George Johnston was an acclaimed Australian author and journalist, best known for his semi-autobiographical novel "My Brother Jack." Born in 1912, he began his career in journalism before transitioning to fiction, capturing post-war Australian life with keen insight. Johnston's work often explored themes of identity and personal conflict. His literary achievements, alongside his wife Charmian Clift, left a significant impact on Australian literature before his passing in 1970.
I was there when my brother Jack died. I was there when he was born.
I've seen him in the grip of love and I've seen him in the grip of hate, and I've seen him in the grip of a dozen different passions.
I know how he must have felt. I've been through it all myself. I've been through all the expressions of love and hate and sorrow and joy that Jack knew, and I've been through them all at first hand.
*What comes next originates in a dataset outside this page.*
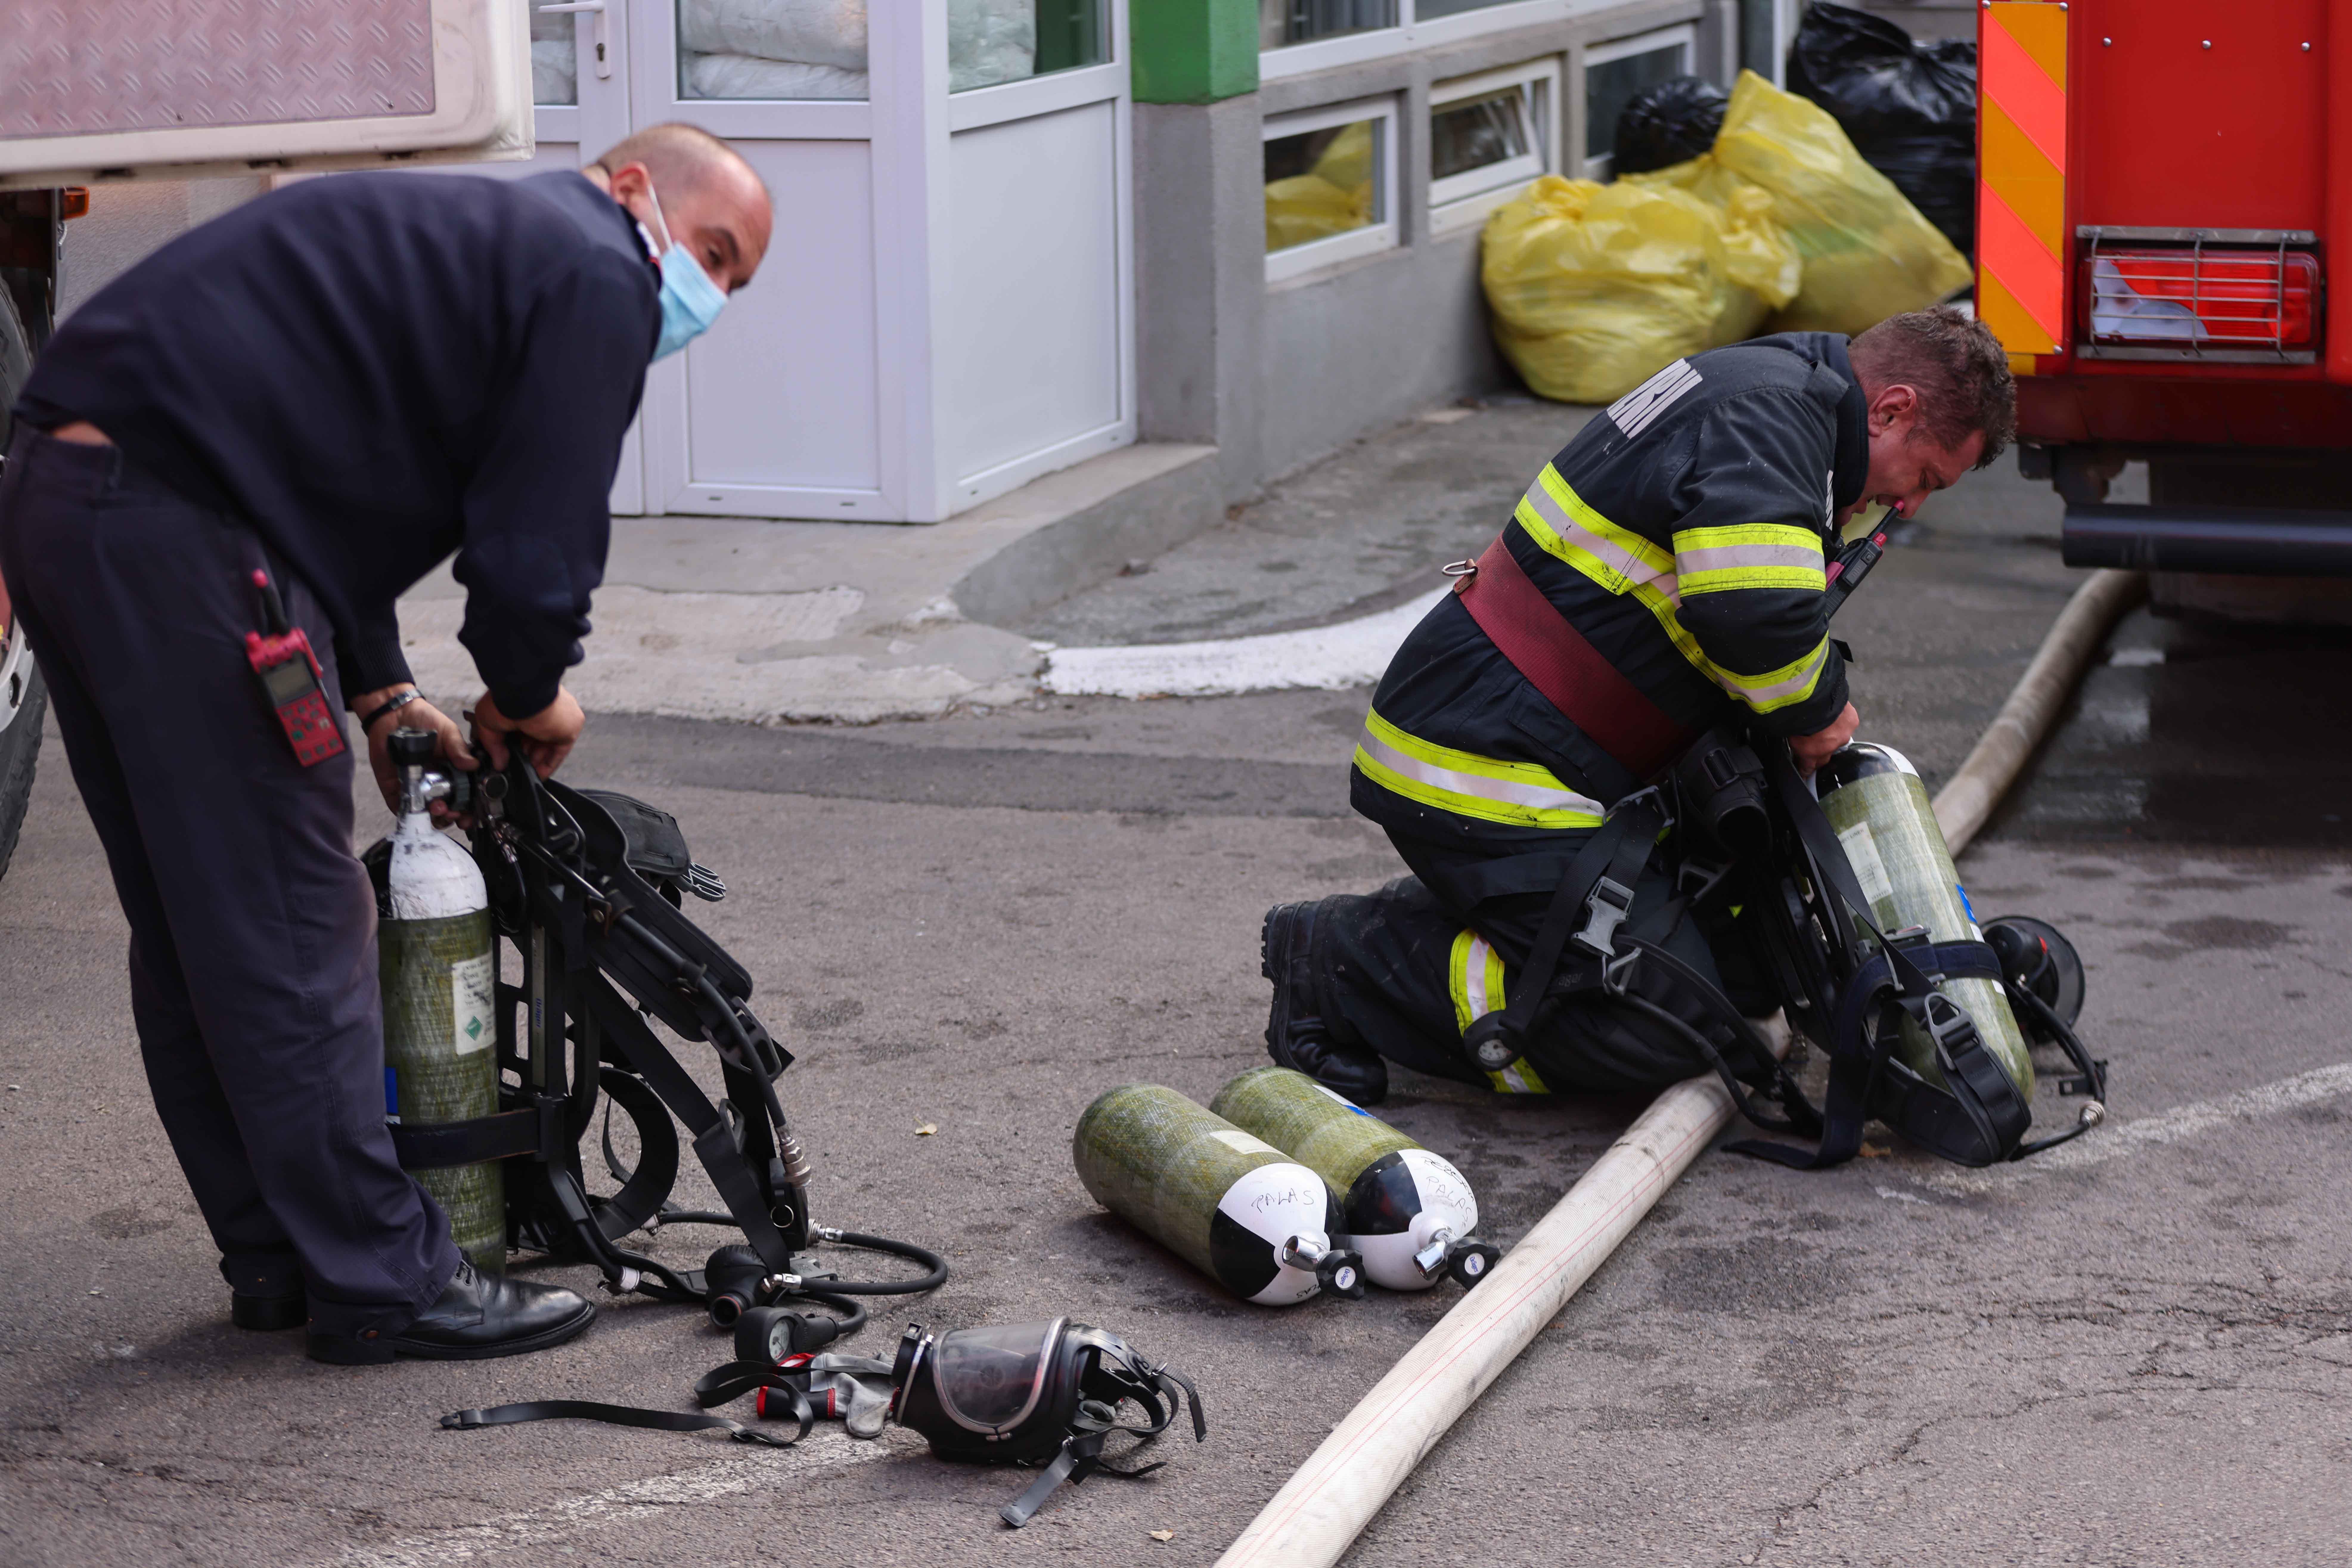 STS anunță câte apeluri au fost date în legătură cu incendiul de la Constanța

He never was at peace until he died.
There were a lot of people in the house, and they were all talking at once. But I remember thinking that something had changed when Jack died.
I've always had a feeling that I was his father as well as his brother.
He was a very strange man, my brother Jack. He was born into the world to be a soldier.
He was a man of peace, and he never knew it.
I've had to live with the fact that I was born to be his brother.
He wanted to die as soon as he saw the world, and he wanted to live as soon as he saw it was his own.
He was a man who never knew what he wanted, and he got it.
I've never seen anyone who could change his mind as completely as Jack could, and as often.